I recently, very briefly, worked with a Web startup based in Beijing (the "Startup"). The CEO of this company, an apparently very intelligent, focussed individual with great talent motivating sales and marketing people, takes as his guiding principle a quote from Guy Kawasaki, "Don't worry, be crappy".
The problem with that approach for the Startup, as I see it, is two-fold. To start, Kawasaki makes clear in his commentary that he's referring strictly to products that are truly innovative breakthroughs, exemplars of a whole new way of looking at some part of the world. Very few products or companies meet that standard (and even if yours does, Kawasaki declares, you should eliminate the crappiness with all possible speed). No matter how simultaneously useful and geeky the service offered by the Startup's site is, it is, at best, a novel and useful twist resting on several existing, innovative-in-their-day technologies. (A friend who I explained the company to commented that "it sounds as innovative as if Amazon.com only sold romance novels within the city limits of Boston" — hardly a breakthrough concept). Indeed, Kawasaki makes clear that he's talking about order-of-magnitude innovation; the examples he cites are the jump from daisy-wheel to laser printing and the Apple Macintosh.
The second, more insidious, problem with the approach, and the trap that many early-1990s Silicon Valley startups fell into, is that you take crappiness as a given, without even trying to deliver the one-two punch of true innovation and a sublimely well-engineered product that immediately raises the bar for would-be "me-too" copycats. (Sony, for instance, has traditionally excelled at this, as has the Apple iPod (learning from the mistakes Kawasaki cites for the earliest Macintosh). Deliver crap, and anybody can compete with you once they understand the basics of your product. The wireless mouse is a good example of this.
If you tell yourself from the get-go that you'll be satisfied if you ship a 70%-quality product, what will happen is that, as time goes by, that magical 70% becomes 50%, then 30%, then whatever it takes to meet the date you told the investors. And if management doesn't trust engineering to give honest, realistic estimates (as is typical in software and pandemic in startups), you have a recipe for disaster: engineering takes a month to come back with an estimate that development will take 12-18 months; management hears '12' and automatically cuts that to 6 and pushes to have a "beta" out in 4. The problem is that, if you're dealing with an even marginally innovative product, things are not cut-and-dried; the engineers will have misunderstood some aspects of the situation, underestimated certain risks, and been completely blind to others. This was pithily summed up, in another field entirely, by Donald Rumsfeld:
There are known "knowns." There are things we know that we know. There are known unknowns. That is to say there are things that we now know we don't know. But there are also unknown unknowns. There are things we don't know we don't know. So when we do the best we can and we pull all this information together, and we then say well that's basically what we see as the situation, that is really only the known knowns and the known unknowns. And each year, we discover a few more of those unknown unknowns.
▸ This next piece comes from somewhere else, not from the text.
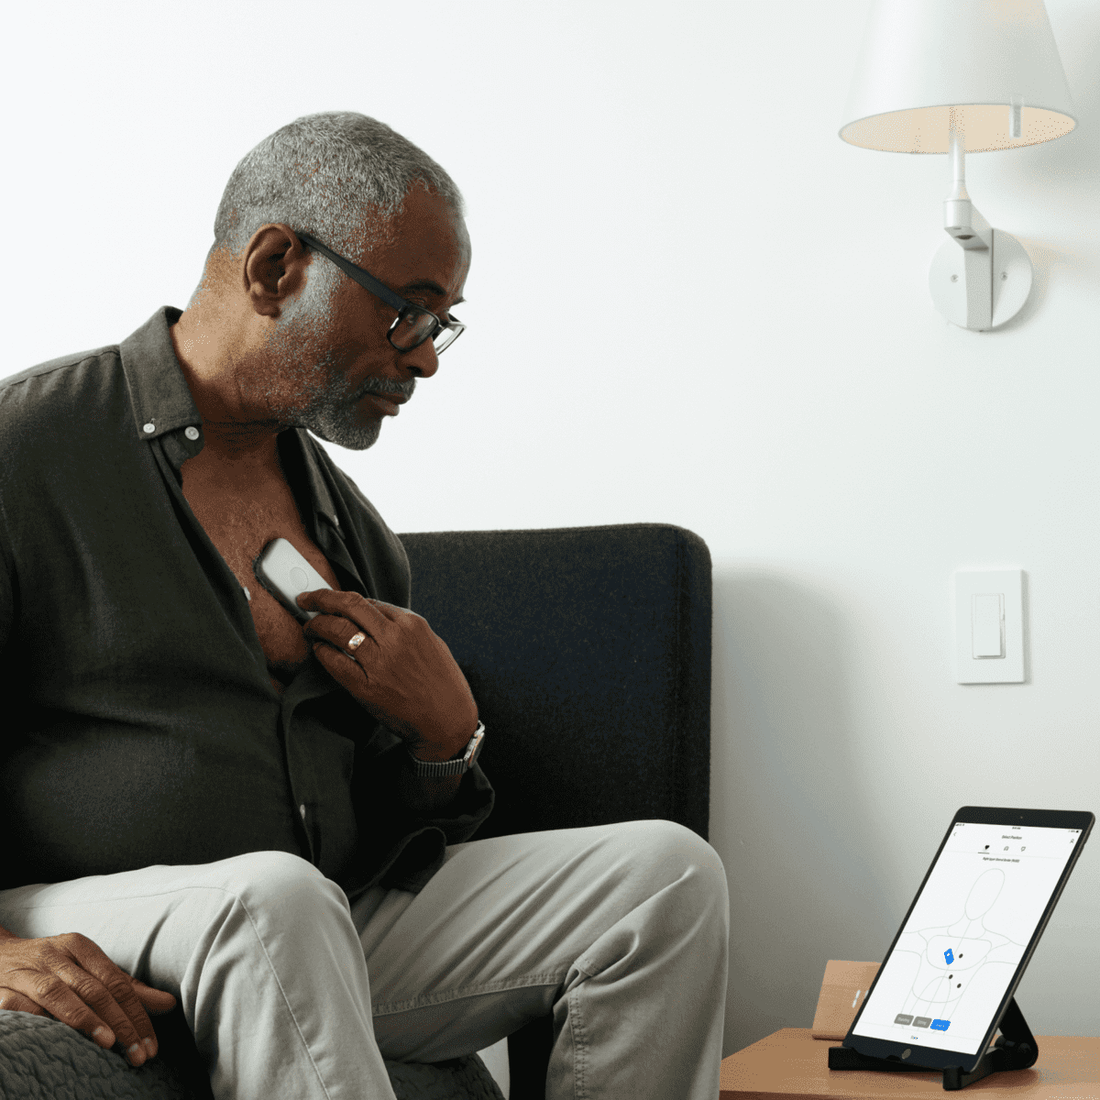 Patient using DUO 2 to record ECG and heart sounds on tablet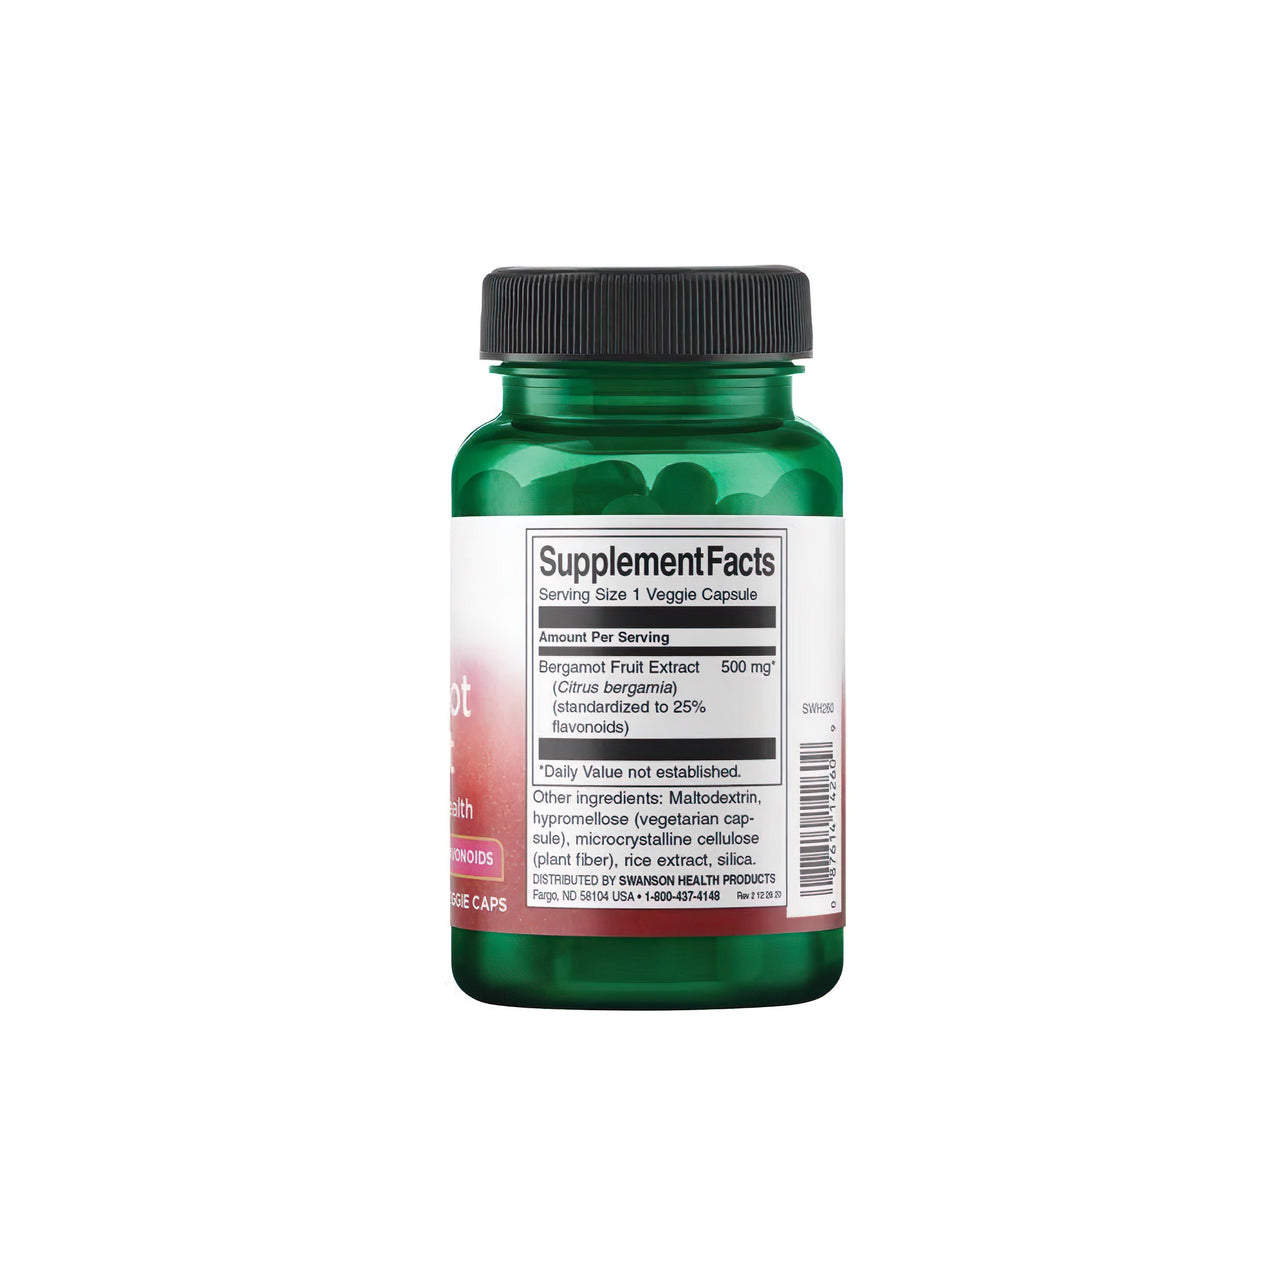 A dietary supplement bottle of Swanson Bergamot Extract 500 mg 30 vcaps on a white background.

Companies that simultaneously forget the ramifications of this while taking too puffed-up a view of themselves are leaving themselves vulnerable to delivering nothing more useful or profitable than the old pets.com (not the current PetSmart) sock puppet — and probably nothing that memorable, either.
And that further assumes that they don't fall prey to preventable disasters like losing the only hard drive running a production server built with non-production, undocumented software. If Web presence defines a "Web 2.0" company in the eyes of its customers and investors, going dark could be very costly indeed.